Investor enthusiasm in the United States decreases temporarily due to tariff concerns
Headline: Institutional Investors Brace for Complex Economic Environment in 2025
Subhead: KPMG research highlights the impact of tariffs, geopolitical factors, and technology trends on investment strategies
The US economy is expected to continue its steady, moderate growth in 2025, according to a recent survey by the U.S. subsidiary of Big Four accounting firm KPMG. However, this growth environment is accompanied by a complex investment backdrop, driven by factors such as tariffs, geopolitical shifts, and market volatility.
Conor Moore, global and U.S. head of KPMG Private Enterprise, attributes the optimism of venture capital firms to significant LP funding and the potential for significant technology changes in the next 36 months. The survey included investors working in asset management (46%), venture capital (29%), and private equity (25%).
The survey results indicate that investor optimism for the longer term (beyond 18 months) has crept up between the two surveys. In January and February, 84% of investors were very optimistic or somewhat optimistic about growth prospects beyond 18 months. This number grew to 92% when investors were asked again in April. Among the investor groups, venture capital respondents had the highest level of optimism for economic growth beyond 18 months (95%).
In this steady but complex economic environment, diversification is critical. A balanced and diversified portfolio strategy tends to outperform more concentrated bets during 2025’s volatile conditions. International diversification gains appeal due to high valuations in US equities (S&P 500 trading at about 22x forward earnings) and comparatively lower valuations in international markets. Over 40% of S&P 500 earnings are from international operations, so direct investment abroad can offer better value and risk mitigation.
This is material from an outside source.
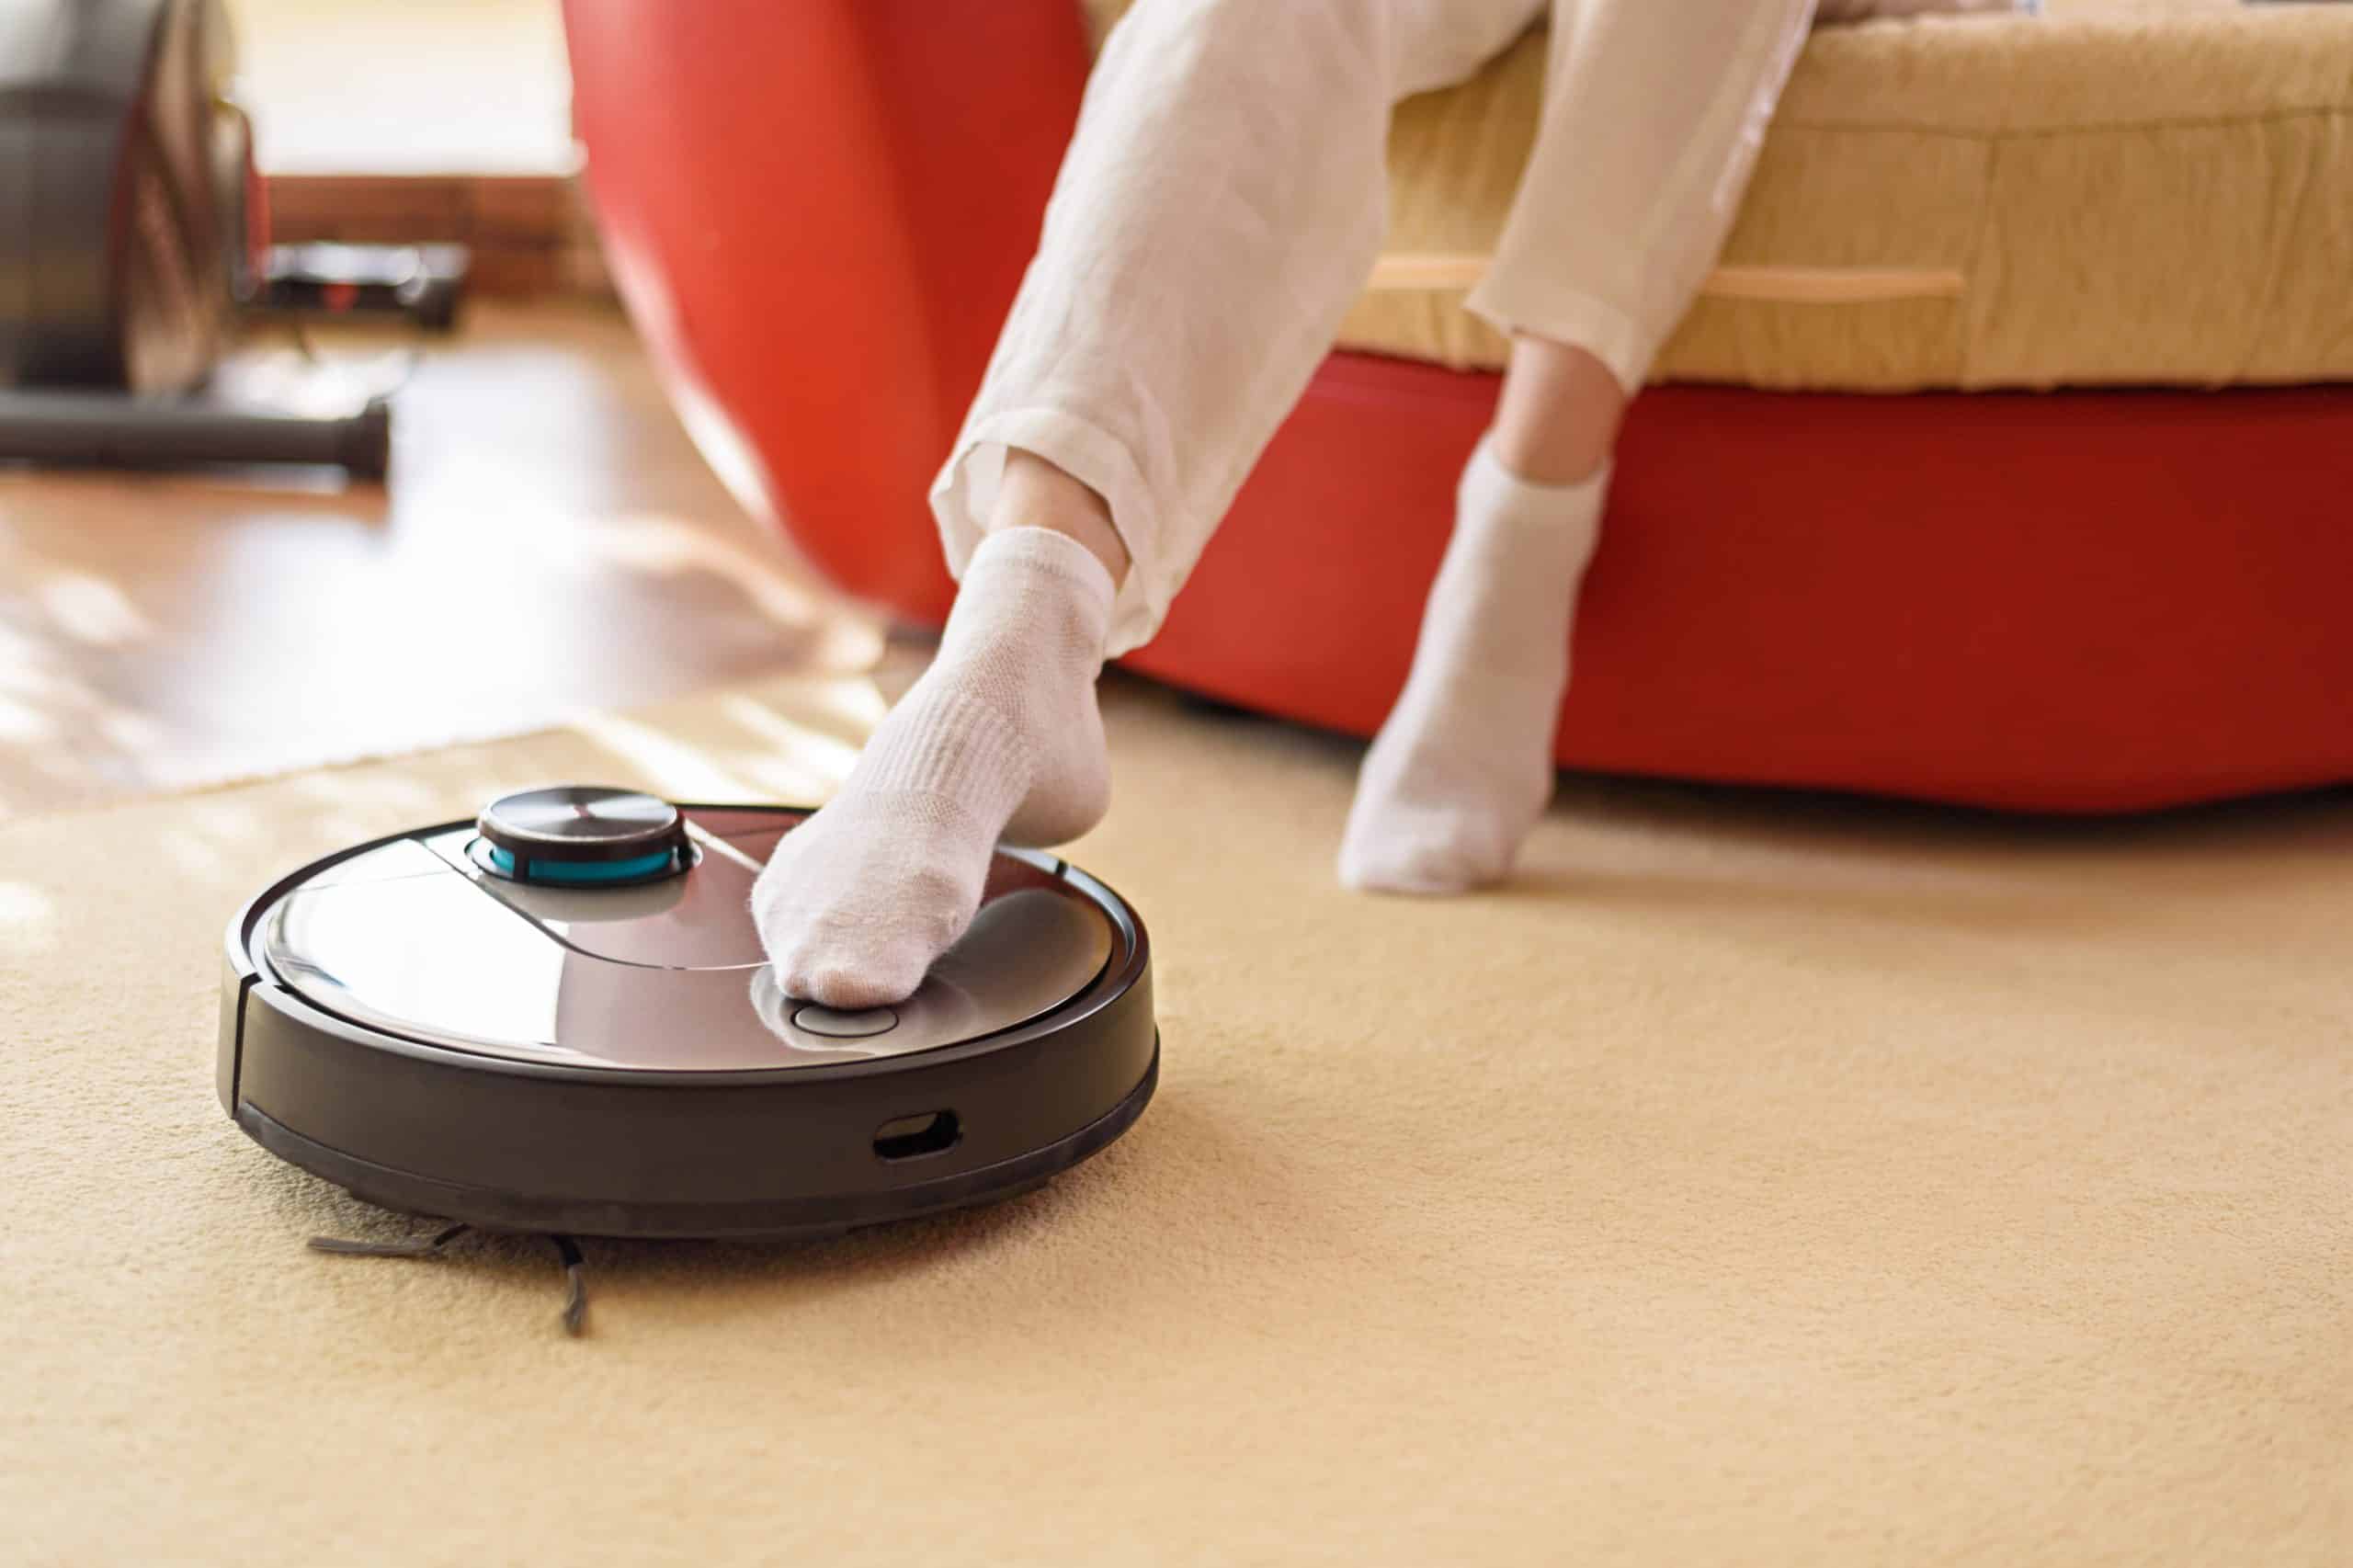 a roomba can be a useful gadget for people with disabilities

Tariffs and immigration reforms enacted in 2025 are reshaping economic drivers, affecting inflation, consumer spending, and investment patterns, especially in manufacturing sectors. Higher tariffs and immigration reforms create uncertainty and potential cost pressures for US manufacturing, potentially slowing growth in this area. Institutional investors are thus advised to maintain flexible allocations and seek opportunities outside sectors heavily exposed to tariff-induced risks.
The Trump administration's stated goal in increasing tariffs is to bring manufacturing back to the United States. However, geopolitical fragmentation and policy changes could foster selective opportunities in defense, infrastructure, and sectors benefiting from reshoring or automation, changing the manufacturing landscape. Thematic and active management strategies focusing on AI, automation, energy demand, and geopolitical shifts could provide compelling opportunities amidst structural changes in the economy.
In conclusion, institutional investors in the US in 2025 face a steady but complex economic environment influenced by tariffs and geopolitical factors. The suggested approach emphasizes diversification (including international exposure), liquidity, flexibility, and focus on thematic trends like AI and industrial shifts. Tariffs contribute uncertainty mainly to manufacturing, making selective, flexible positioning advisable rather than heavy concentration in exposed sectors. Nearly half (47%) of respondents anticipate an economic recession in the next 18 months. The research showed a decline in near-term optimism among 300 institutional investors based in the U.S. Four in 10 respondents expect the current economic uncertainty to last between six months to a year.
- Institutional investors in the US are bracing for a complex economic environment in 2025, with a focus on growth opportunities that involve significant capital, especially in sectors benefiting from reshoring or automation.
- The diversification of portfolios is critical in the complex economic environment of 2025, with a balanced and diversified portfolio strategy tending to outperform more concentrated bets during volatile market conditions.
- In this steady but complex economic environment, equity investments in international markets can offer better value and risk mitigation, given the comparatively lower valuations and high valuations in US equities.
- Tariffs and geopolitical factors, such as immigration reforms and geopolitical fragmentation, are reshaping economic drivers, affecting sectors like manufacturing, consumer spending, and investment patterns, necessitating selective and flexible allocation strategies.
- As the US economy remains in a steady but complex environment, research suggests that institutional investors should emphasize diversification, liquidity, flexibility, and focus on thematic trends like AI, industrial shifts, and geopolitical changes to navigate the uncertain economic landscape effectively.